Hetrombopag for the Thrombocytopenia Induced by Concurrent Chemoradiotherapy
- Conditions
- ThrombocytopeniaRadiotherapy Side Effect
- Interventions
- Registration Number
- NCT06433830
- Lead Sponsor
- Sir Run Run Shaw Hospital
- Brief Summary
Thrombocytopenia represents one of the main toxicities of concurrent chemoradiotherapy, which may necessitate chemotherapy dose reductions, dose delays, or discontinuation, and even compromise survival. Hetrombopag, a thrombopoietin receptor agonist, has shown efficacy and safety in patients with chemotherapy-induced thrombocytopenia. However, the efficacy of hetrombopag in patients who received concurrent chemoradiotherapy is not clear yet.
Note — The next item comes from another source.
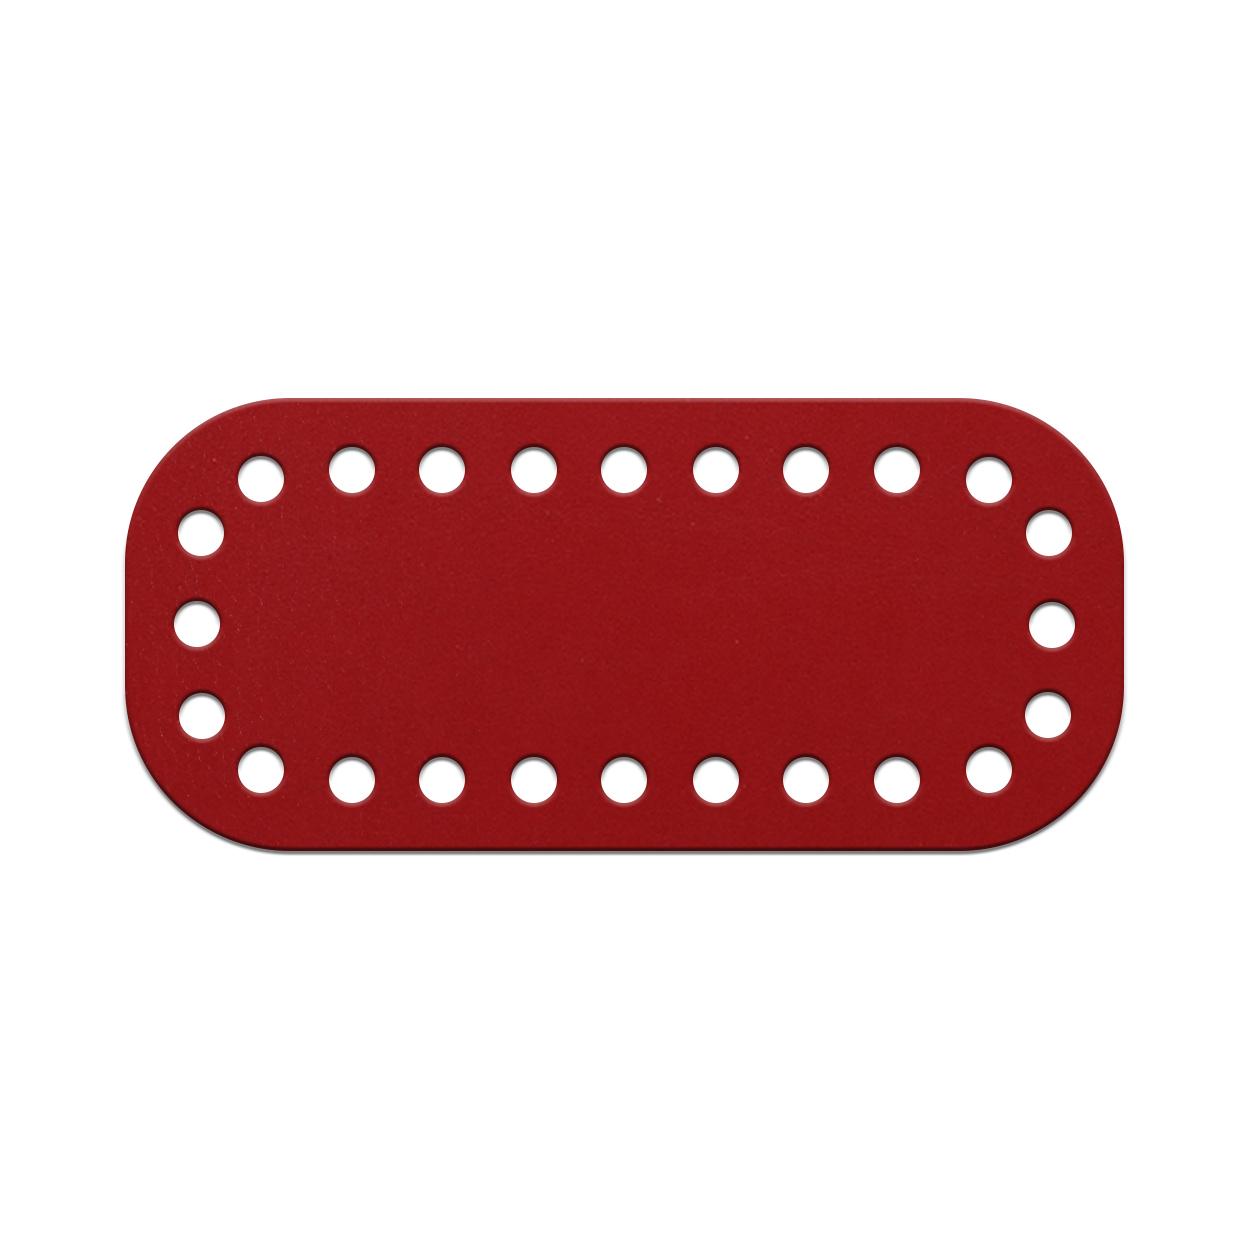 Кожа - Дно для сумки мини 5 х 11 см. Red hot

This study aimed to evaluate the efficacy and safety of hetrombopag in this patient population.
- Detailed Description
Antitumor related therapy is one of the common causes of thrombocytopenia. Chemotherapy regimens based on drugs such as gemcitabine, platinum, anthracycline, and paclitaxel are high-risk options for thrombocytopenia. The degree of thrombocytopenia caused by external radiation therapy mainly depends on the irradiation dose, irradiation site, irradiation field size, and irradiation duration. The synchronous radiotherapy and chemotherapy regimen for head and neck tumors, esophageal cancer, rectal cancer, and other cancers often involves platinum drugs, and the irradiation site often involves flat and irregular bones. Therefore, the incidence of thrombocytopenia in patients during the treatment process is higher than that of chemotherapy or radiotherapy alone. In a phase III clinical study on the combination of carboplatin and paclitaxel in the treatment of esophageal cancer, the incidence of thrombocytopenia was as high as 54%. Once thrombocytopenia occurs, it may lead to a decrease in chemotherapy drug dosage, delay, and cessation of radiotherapy and chemotherapy, and may require platelet infusion. In follow-up studies of various cancer patients, it has been found that reducing the dosage of chemotherapy drugs or delaying the chemotherapy cycle will reduce treatment efficacy and lead to poor prognosis, including shortened disease-free survival (DFS) and overall survival (OS) time.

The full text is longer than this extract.